RUTH SUNDERLAND: Reeves and Starmer plan to undo the Thatcher revolution
The pedant in me was provoked when a report recently arrived from the Left Resolution Foundation, ‘written by’ its interim chief executive Mike Brewer.
How ‘writing’ a report differs from ‘writing’ remains a mystery.
Language evolves, and sometimes it does so in ways that some of us find annoying. Most importantly, Mr. Brewer had interesting points to make.
He drew attention to the “major pivot” that Chancellor Rachel Reeves will make in 2025 towards the public sector, making it a priority over the private, wealth-creating part of the economy that pays for it all.
This is, as the Resolution Foundation notes, a striking change of direction, of a kind not seen in a generation outside the financial crisis and the pandemic.
Anyone listening to Reeves and her boss Sir Keir Starmer can imagine that public sector workers are morally superior and low paid. It is true that many people who work in the NHS, the military or in education, including members of my own family, are driven by a sense of calling. But the assumption that public sector workers are downtrodden compared to the private sector is not always correct.
Two unique ones: Chancellor Rachel Reeves with her boss, Prime Minister Sir Keir Starmer
According to the Foundation, average public sector salaries were 6 percent higher than those in the private sector in the three months to November. Frankly, this is just one period and there have been times when the public sector has lagged behind.
But any perceived disadvantage seems even more questionable when pensions are taken into account.
Approximately 9 million current and former public sector employees have an unfunded pension plan. Their retirement income is funded by contributions from members who are still working, with any shortfalls covered by taxpayers. The liability of these unfunded schemes is approximately £1.3 trillion.

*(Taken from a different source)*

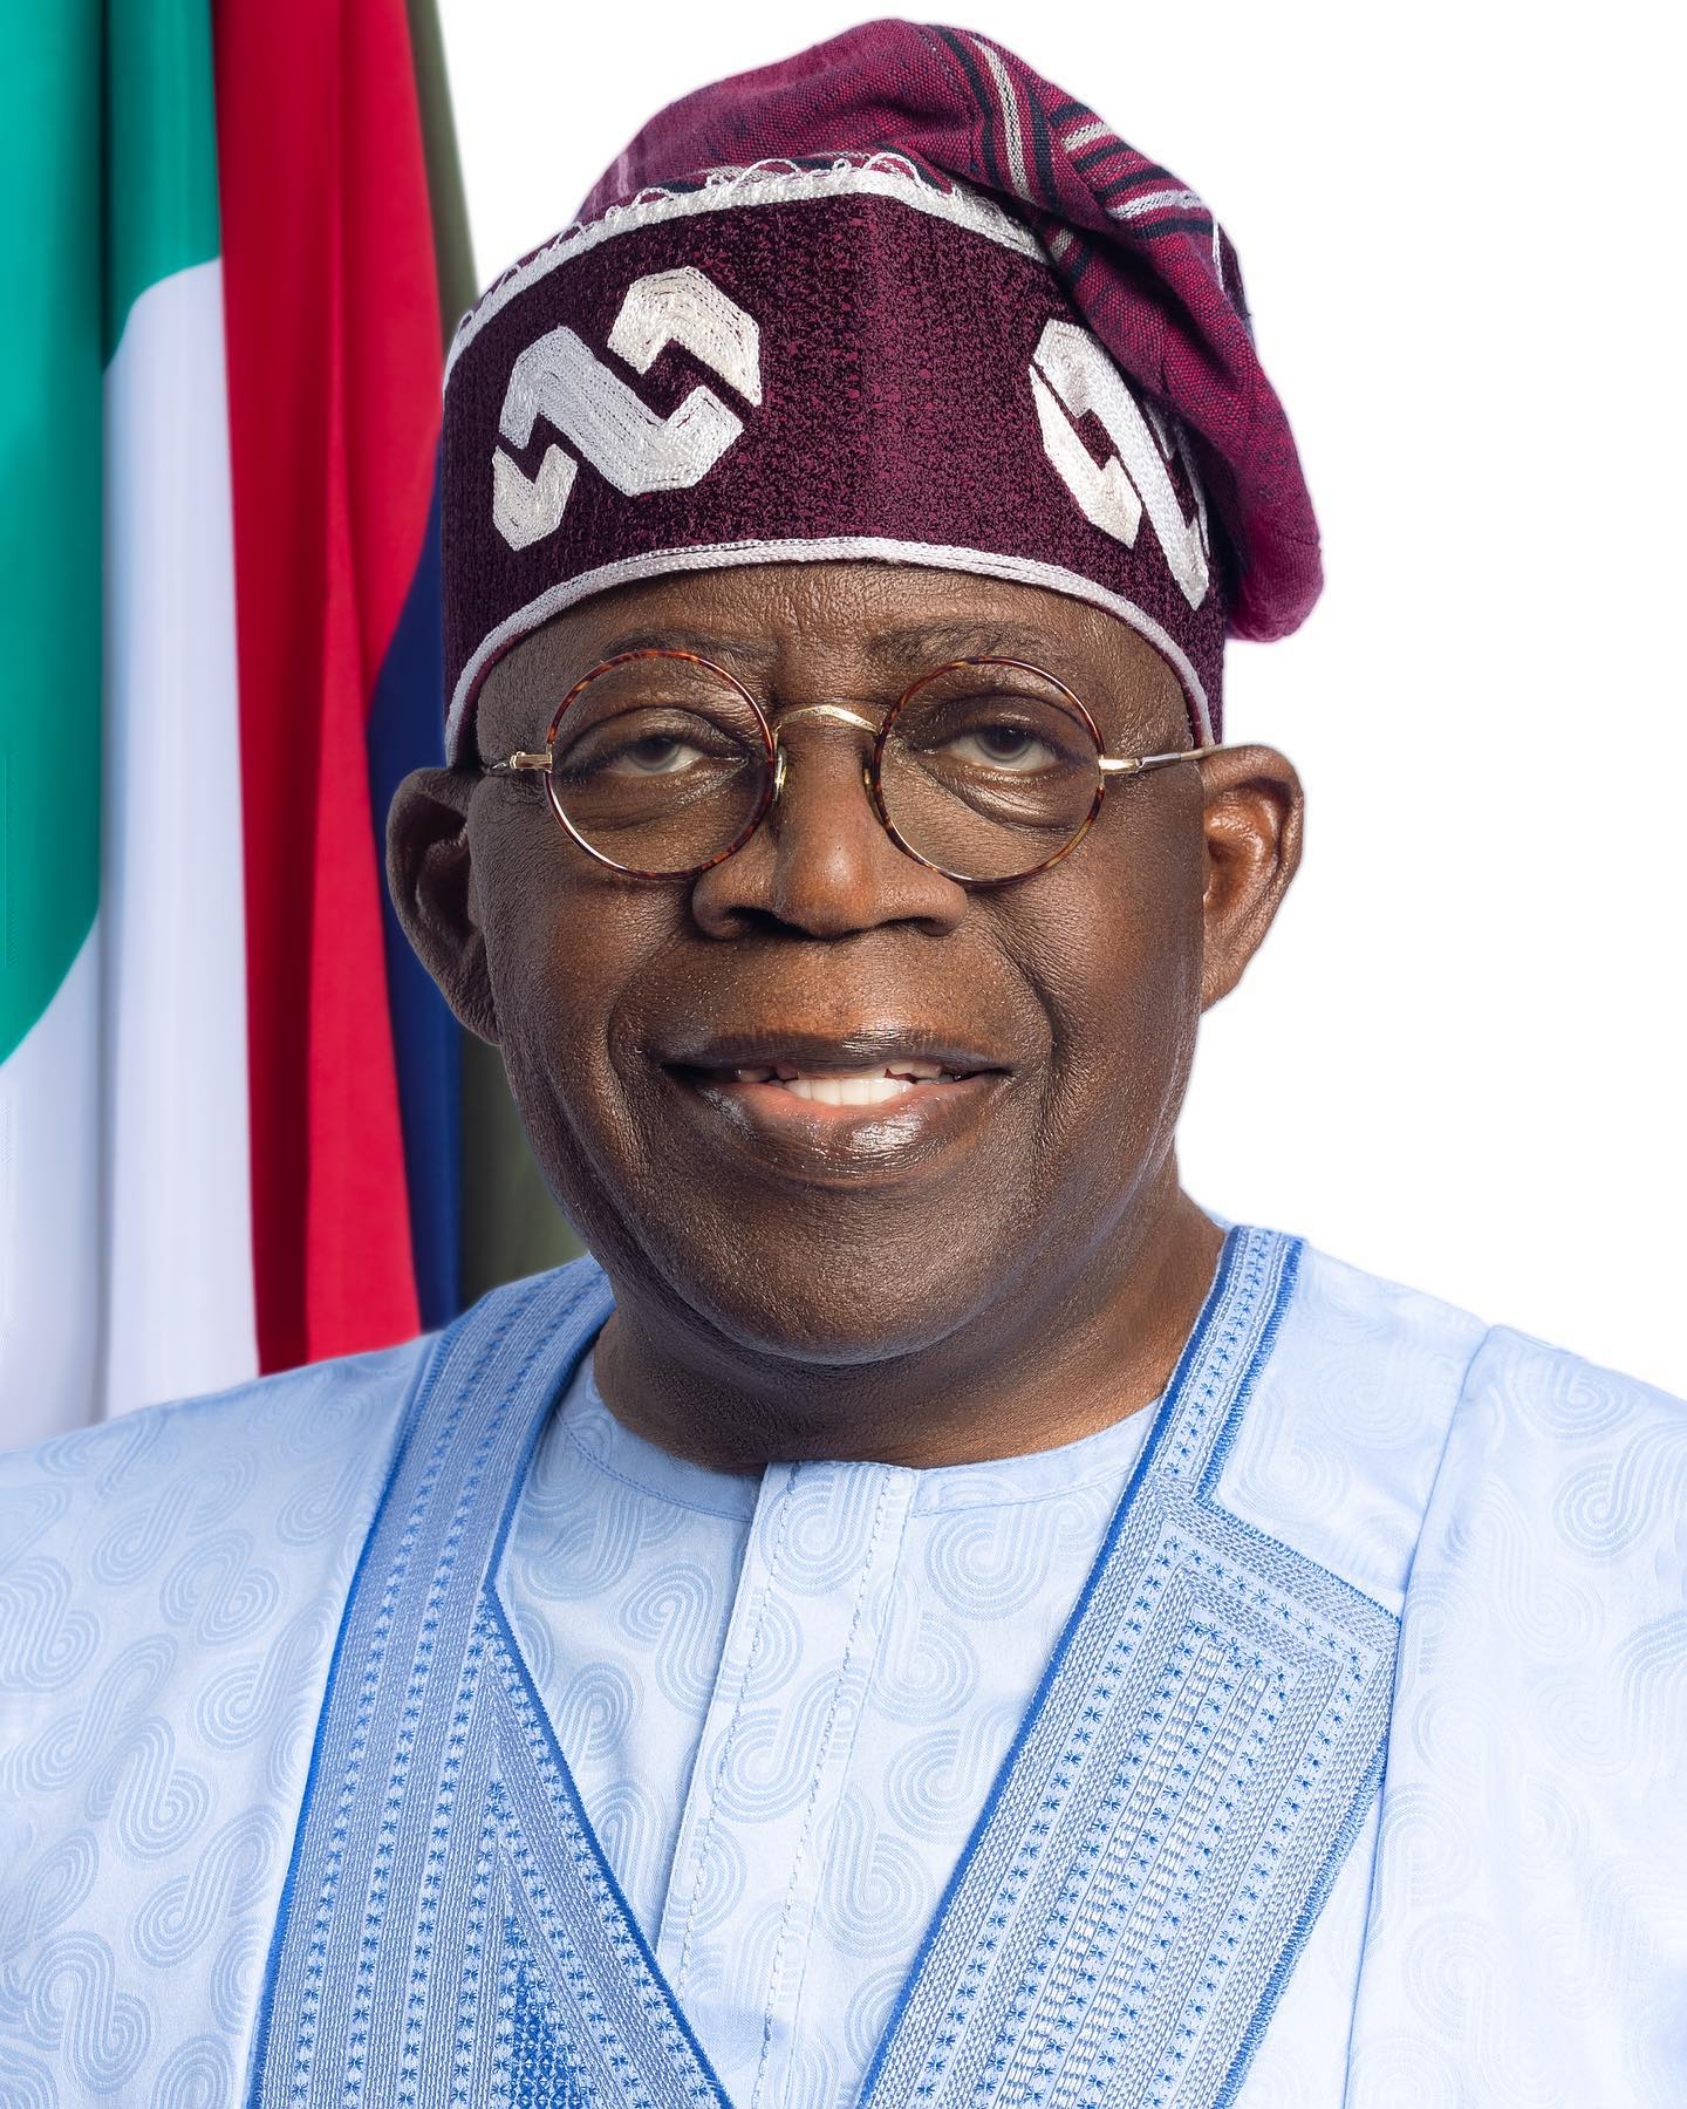 Bola Tinubu Portrait By Nosa Asemota - Own work, CC BY-SA 4.0, https://commons.wikimedia.org/w/index.php?curid=132508469

Employees enjoy a gold-plated retirement income based on their salary, something that has largely disappeared in the private sector. On average, they receive a contribution from their employer – the taxpayer – which is valued by the government at 23 percent of the salary. This is an amount that typical private sector employees can only dream of.
It’s not cheap. The public sector workforce is 5.9 million, with a cost to the taxpayer of £270 billion in 2023-2024, around 10 percent of national income and 22 percent of total UK government spending.

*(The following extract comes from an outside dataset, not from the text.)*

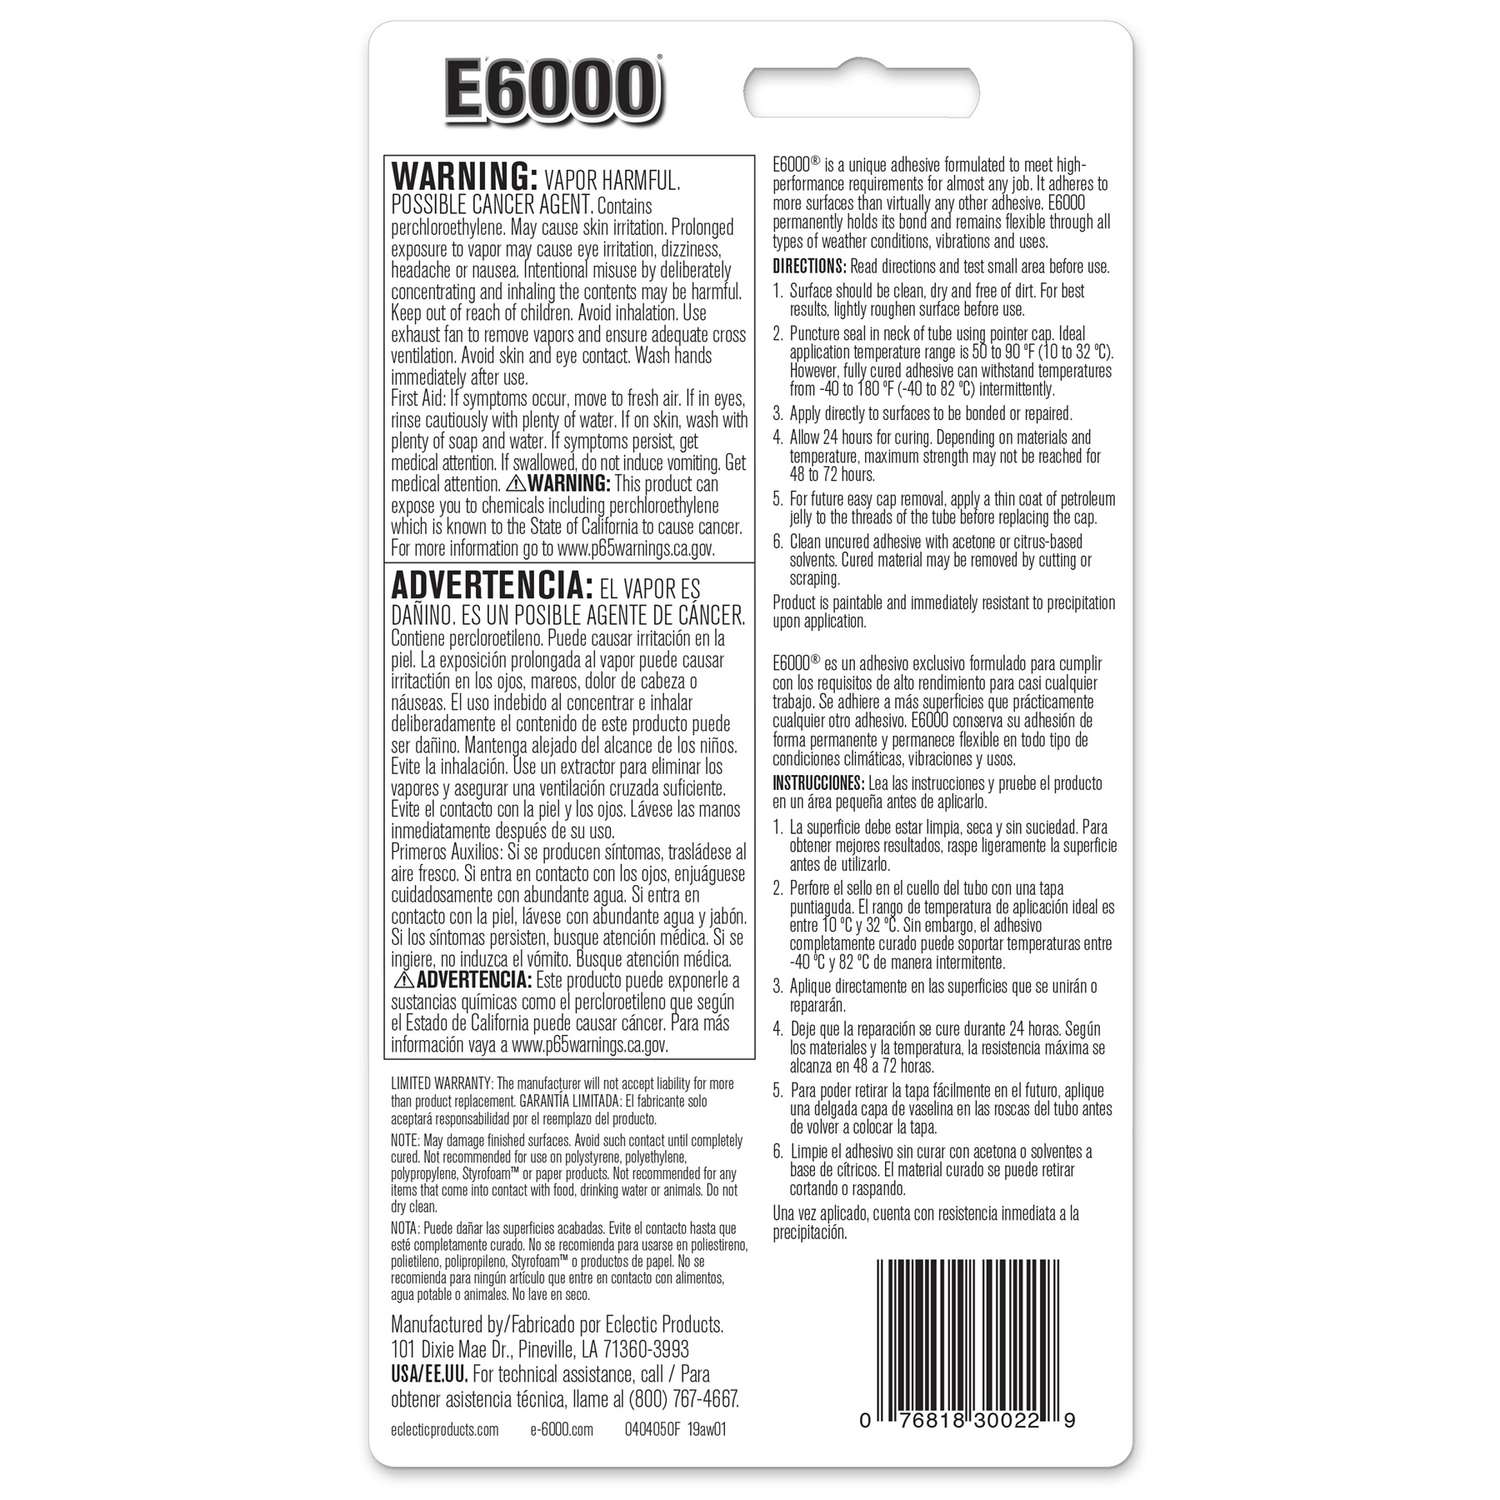 7 THINGS YOU NEED TO KNOW ABOUT E6000

As private sector companies scale back hiring and wage increases due to Labor’s employment tax hikes, the state will continue to expand. Greedy public sector unions will demand more wage increases without committing to productivity improvements. Reeves risks getting caught up in higher spending, higher borrowing and higher taxes, with no guarantee that services to the public will improve even one iota.

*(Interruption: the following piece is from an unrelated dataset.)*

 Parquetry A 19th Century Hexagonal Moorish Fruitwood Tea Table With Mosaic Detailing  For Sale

And this is the part of the picture that has been erased by Labor: service delivery. The public sector does not exist to serve the workforce, much less to serve a Labor government. Its purpose is to serve us.
Yet this has been turned upside down. Those of us who work in the private sphere are treated as if our only value lies in funding increasingly inadequate public ‘services’ through confiscatory levels of taxation.
Reeves and Starmer plan to reverse the Thatcher revolution, which involved shrinking the size of the state and creating conditions in which private enterprise could flourish. They think they know how to spend your money better than you do. They are arrogant and they are wrong.